Bradley shook his head. ‘Don’t worry, Dad. She wasn’t drunk. I was serving, remember?’

‘But I had you put that bottle of champagne in their room, remember? Do you know if they drank it?’

Bradley shook his head again. ‘I don’t know. I haven’t been in there this morning, David didn’t want me in there.’

James chewed his lip, something he does when he’s worried, a habit he’s been trying to break. He hadn’t looked for the champagne bottle when he was in the room, hadn’t thought of it.

‘Dad, don’t worry,’ Bradley repeated firmly. ‘You have nothing to worry about. She didn’t fall because she’d been drinking.’

But James couldn’t help noticing that Bradley also seemed shaken by what had happened. He looked tired; there were rings under his eyes, as if he hadn’t slept.

‘Were you up late last night?’ James asked.

‘No,’ Bradley said, picking up the trays. ‘I need to take these out.’ Then he’d taken the muffins and croissants out to the dining room.

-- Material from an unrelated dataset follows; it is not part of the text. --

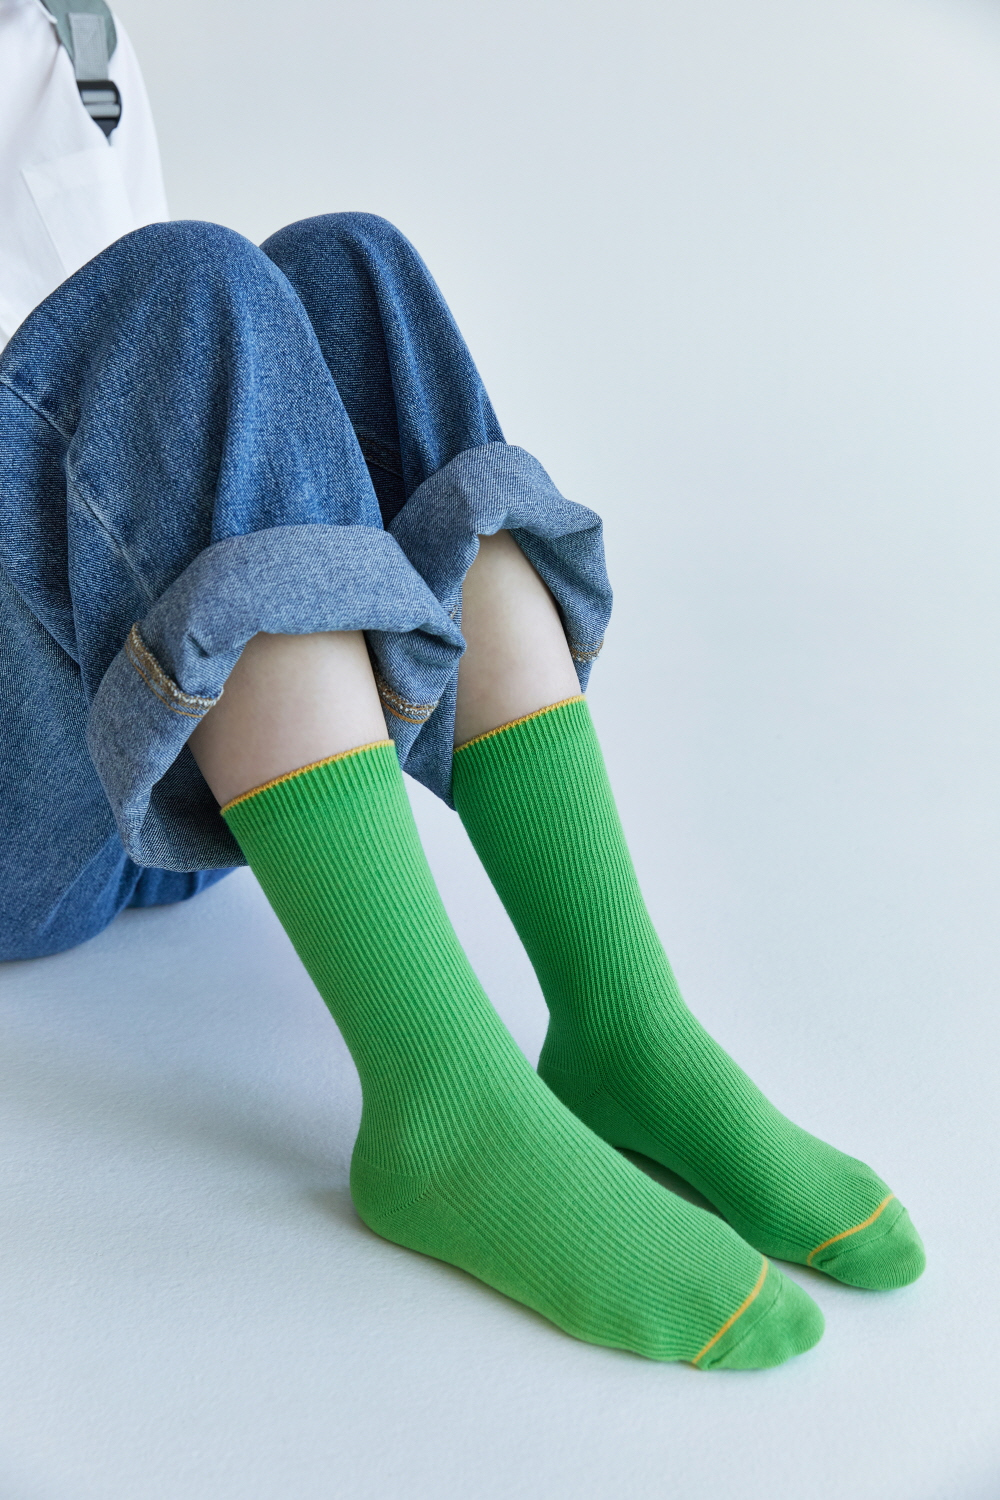 socks detail image-S1L49

James finishes with his frying pan and puts it on the drying rack. He wishes the power would come back on. He misses his bloody dishwasher. He wishes the police would get here and take the body away. He can’t believe he’s got to take care of almost a dozen people without electricity and that there’s a dead body at the foot of the grand staircase in his beloved hotel and he can’t do anything about it.





Saturday, noon


Lauren descends the staircase into the lobby, stepping with distaste around Dana’s body, Ian right behind her. It’s a rather horrible choice they all have to make – whether to use the creepy back staircase or the main one with the body at the bottom. When she looks up, the lobby is empty except for Candice, who hurriedly puts a book down on a side table and turns to face her. It’s Lauren’s book.

‘That’s mine,’ Lauren says. ‘I thought I’d left that book down here.’

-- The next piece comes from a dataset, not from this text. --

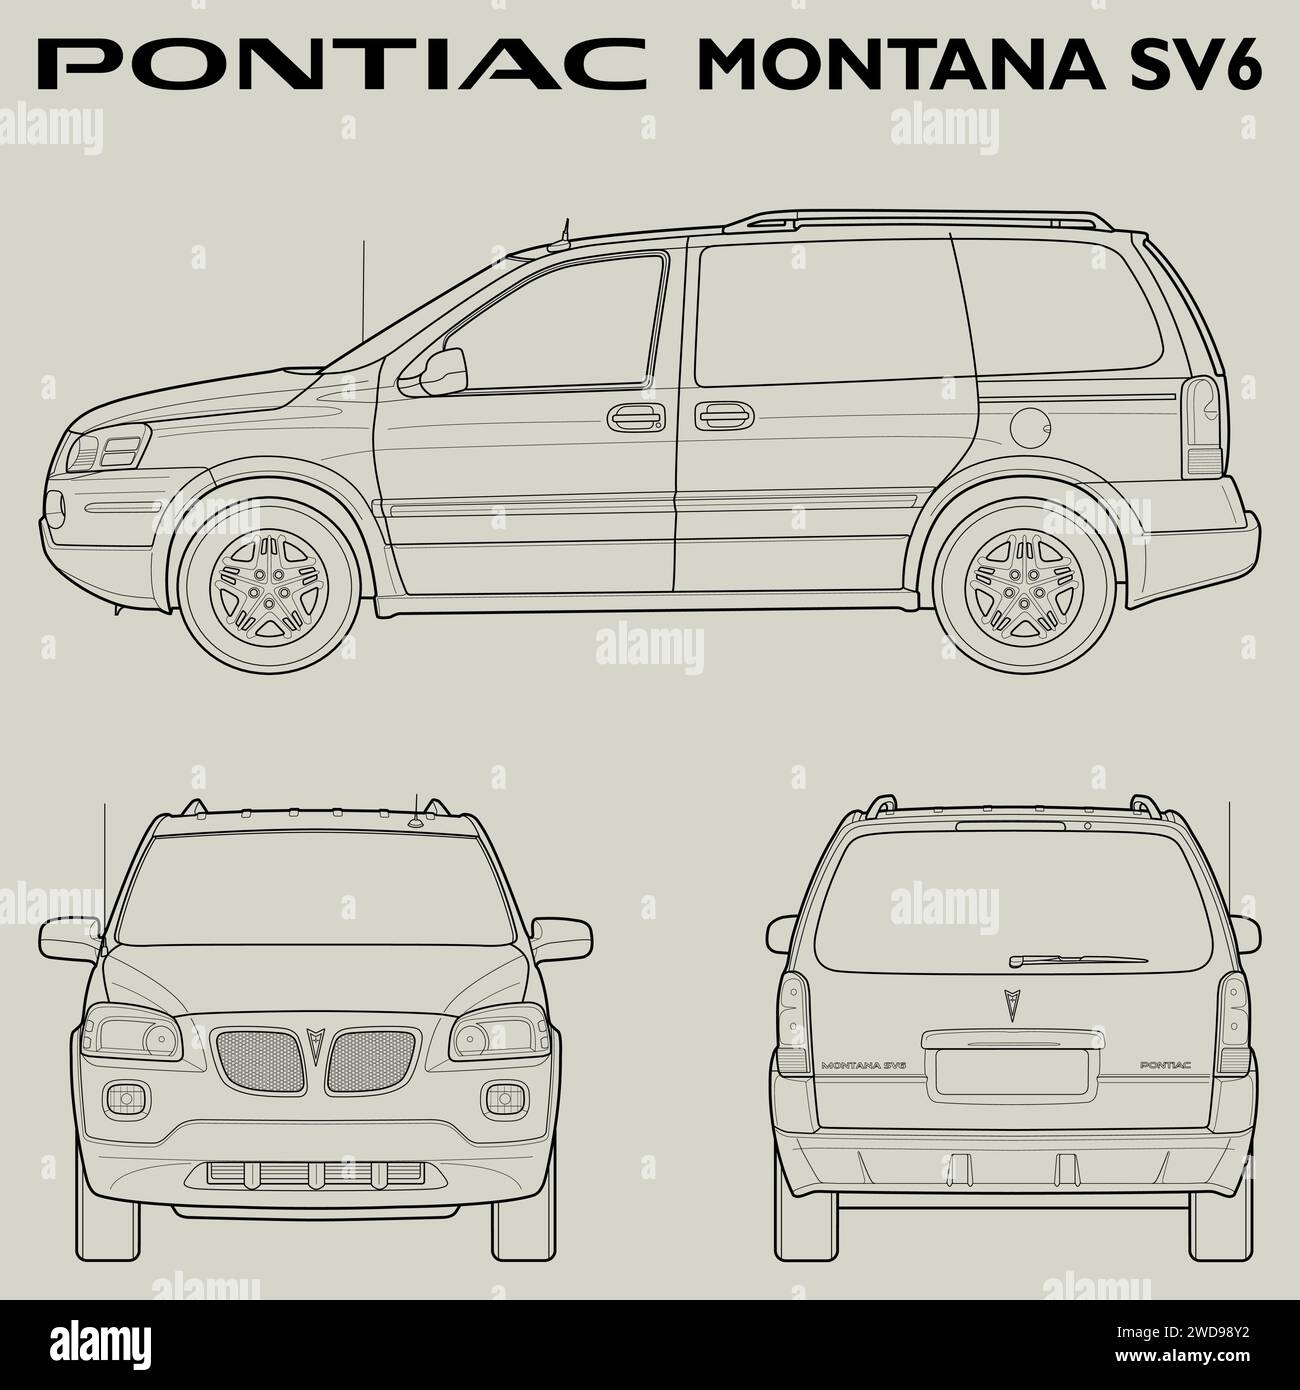 2005 Pontiac Montana SV6 car blueprint Stock Vector

Candice asks, ‘Do you know where Bradley is? I came out to ask him to bring me some hot tea.’

‘I can tell him if I see him, if you like,’ Lauren says.

‘Oh, would you? And tell him to bring my lunch to the library. Thanks. I didn’t really want to bother his father in the kitchen.’ Candice hurries away.

Lauren watches her go.

She sits down on the hearth of the lobby’s big stone fireplace and pulls Ian down beside her, trying to warm up while they wait for the others to appear and for lunch to be served. Lauren stares across the room at the front windows. She can’t stop thinking about it. Dana is dead, at the foot of the stairs. She avoids looking in that direction as best she can. ‘This is so terrible,’ she whispers to Ian.

‘I know,’ he agrees, beside her. He takes her hand, clasps it in his own. ‘I don’t know what I’d do if something happened to you.’

She lightly kisses his cheek. Then she whispers, ‘I don’t see why she can’t be moved. Why do we have to wait for the coroner?’

‘It’s awful to leave her lying there,’ Ian agrees.

‘Do you think someone might have pushed her?’ Lauren whispers.

‘No, of course not. It must have been an accident. David’s an attorney – he’s just following procedure.’ He adds, pushing a strand of her hair behind her ear, ‘Lawyers always think they know everything.’ He glances over his shoulder at the body and says, ‘But if the police don’t get here soon, surely we can’t just leave her there. It’s too creepy.’